NL2Flow: A PDDL Interface to Flow Construction
Apache License 2.0
8 stars 2 forks source link

Add Tags to Samples from Generator #104

Closed jkeskingvillage closed 2 weeks ago

jkeskingvillage commented 1 month ago

A set of tags to describe what is in each data sample. Currently, this is what I am using:

avoid_hash_conflicts = {bool} False
constraints_in_goal = {bool} False
constraints_in_input = {bool} False
constraints_in_memory = {bool} False
constraints_in_output = {bool} False
constraints_in_spec = {bool} False
coupling_of_agents = {float} 75.0
enable_mapping_cost = {bool} False
enable_maps = {bool} True
enable_slots = {bool} True
enable_slotting_cost = {bool} False
enable_typing = {bool} False
failure_in_history = {bool} False
flat_type_hierarchy = {bool} False
history_in_memory = {bool} False
multiple_goals = {bool} True
number_of_agents = {int} 50
number_of_samples = {int} 1000
number_of_types = {int} 10
number_of_variables = {int} 50
objects_as_goal = {bool} False
objects_in_memory = {bool} False
operators_as_goal = {bool} True
or_goals = {bool} False
parameterized = {bool} False
parameters_per_agent = {int} 5
tristate_variables = {bool} False
upload = {NoneType} None

For example, if a sample has more than one goal, then multiple_goals should be True.

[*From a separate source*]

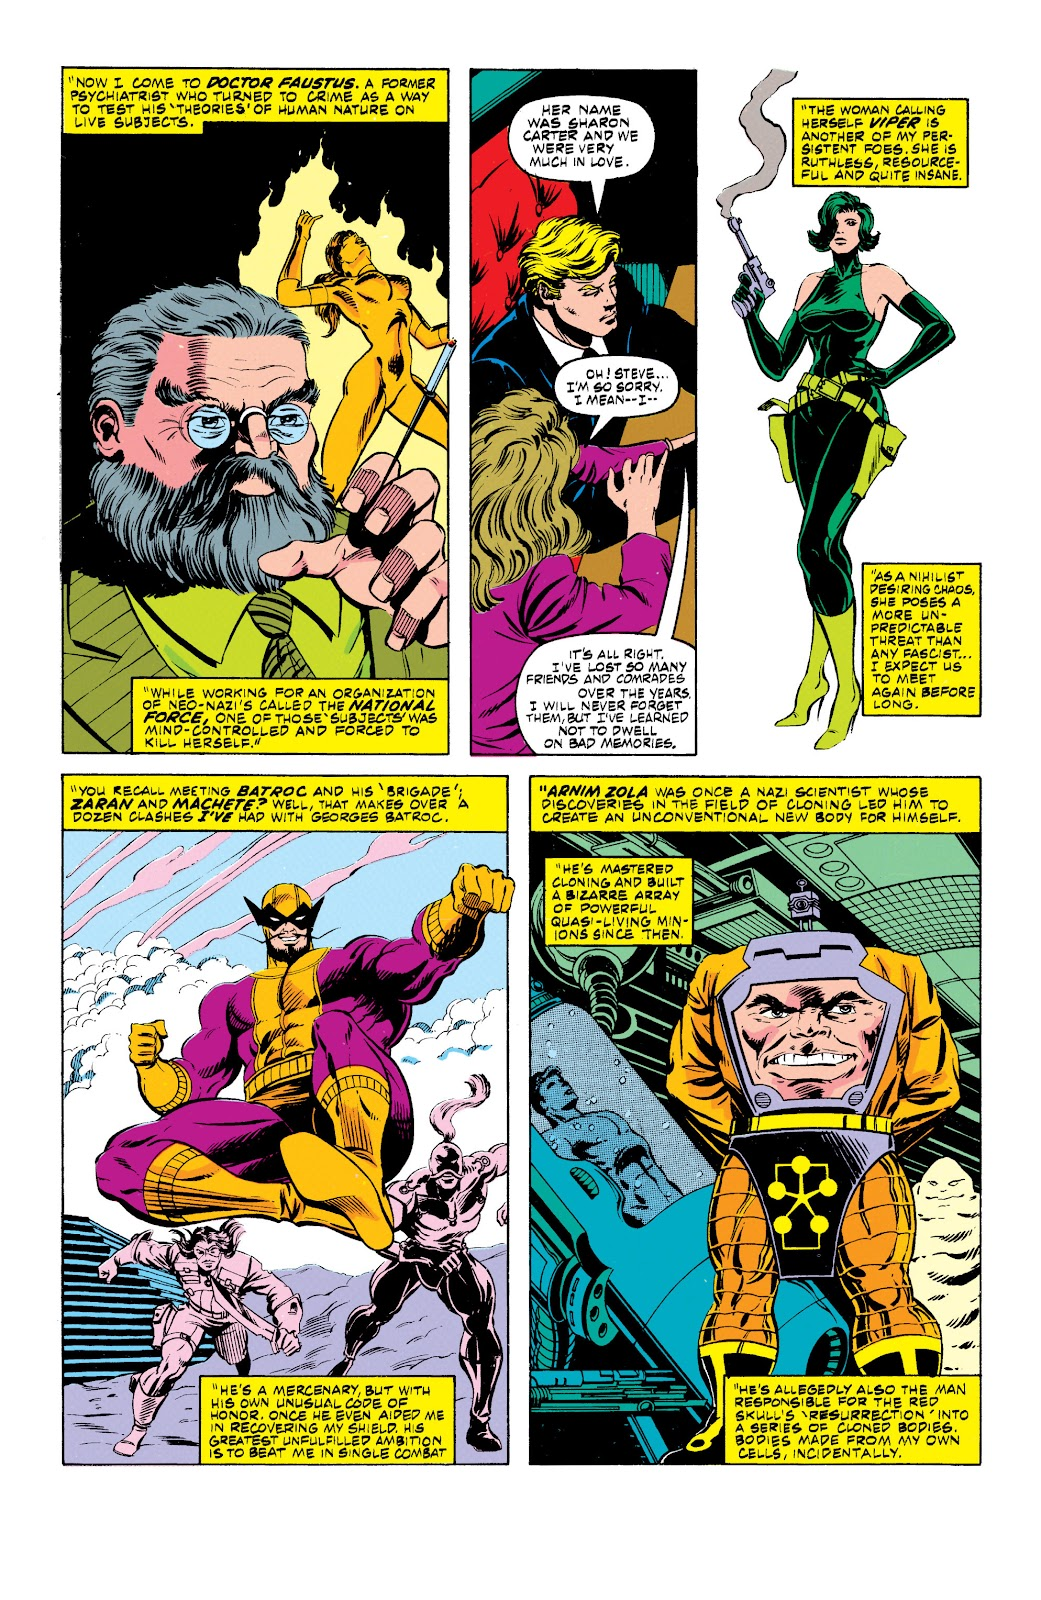 Read online Avengers: Citizen Kang comic -  Issue # TPB (Part 1) - 30

The names should be self explanatory but ask me if you are confused. Here is the schema: link. Note that a request to generate data also has the same tags but also include how many to generate, while the tags for the data also include the final length of the plan. The length_of_sequence of the sequence is a tag that is not like the others because it is not used in the generator but its value is determined and recorded after the sample is generated.

Currently, we only need to cover the following tags, the rest keep the default.

number_of_agents
number_of_variables
parameters_per_agent
coupling_of_agents
enable_slots
enable_maps
multiple_goals
objects_in_memory
length_of_sequence

In terms of code, the only change required here is at the time of generating a sample, or after it is done, add this set of tags as a field "tags" in the data, inside the agent_info_generator_input field.

I have added some examples of the train (produced from the profiler) and test files (produced in the final report after validation in your pipeline) here. train_samples.json is a sample training file; and testing_llama.json / testing_granite.json are sample test files.

jkeskingvillage commented 1 month ago

@TathagataChakraborti Can an instance of this tags object be return from a method in a Flow instance? Profiler can pass the tags instances to the downstream. The fields in the object seem to be handled best at Flow. I can handle the downstream once Flow has a method to return an instance of this Tags object.

TathagataChakraborti commented 1 month ago

Being addressed in iss104 branch ETA Wednesday

jkeskingvillage commented 1 month ago

This issue will be handles at the Runner.

jkeskingvillage commented 1 month ago

This can be handled best at PddlGeneratorOutput. @TathagataChakraborti I will add a method to produce tags at PddlGeneratorOutput to pass the tags to the downstream.

jkeskingvillage commented 2 weeks ago

Done.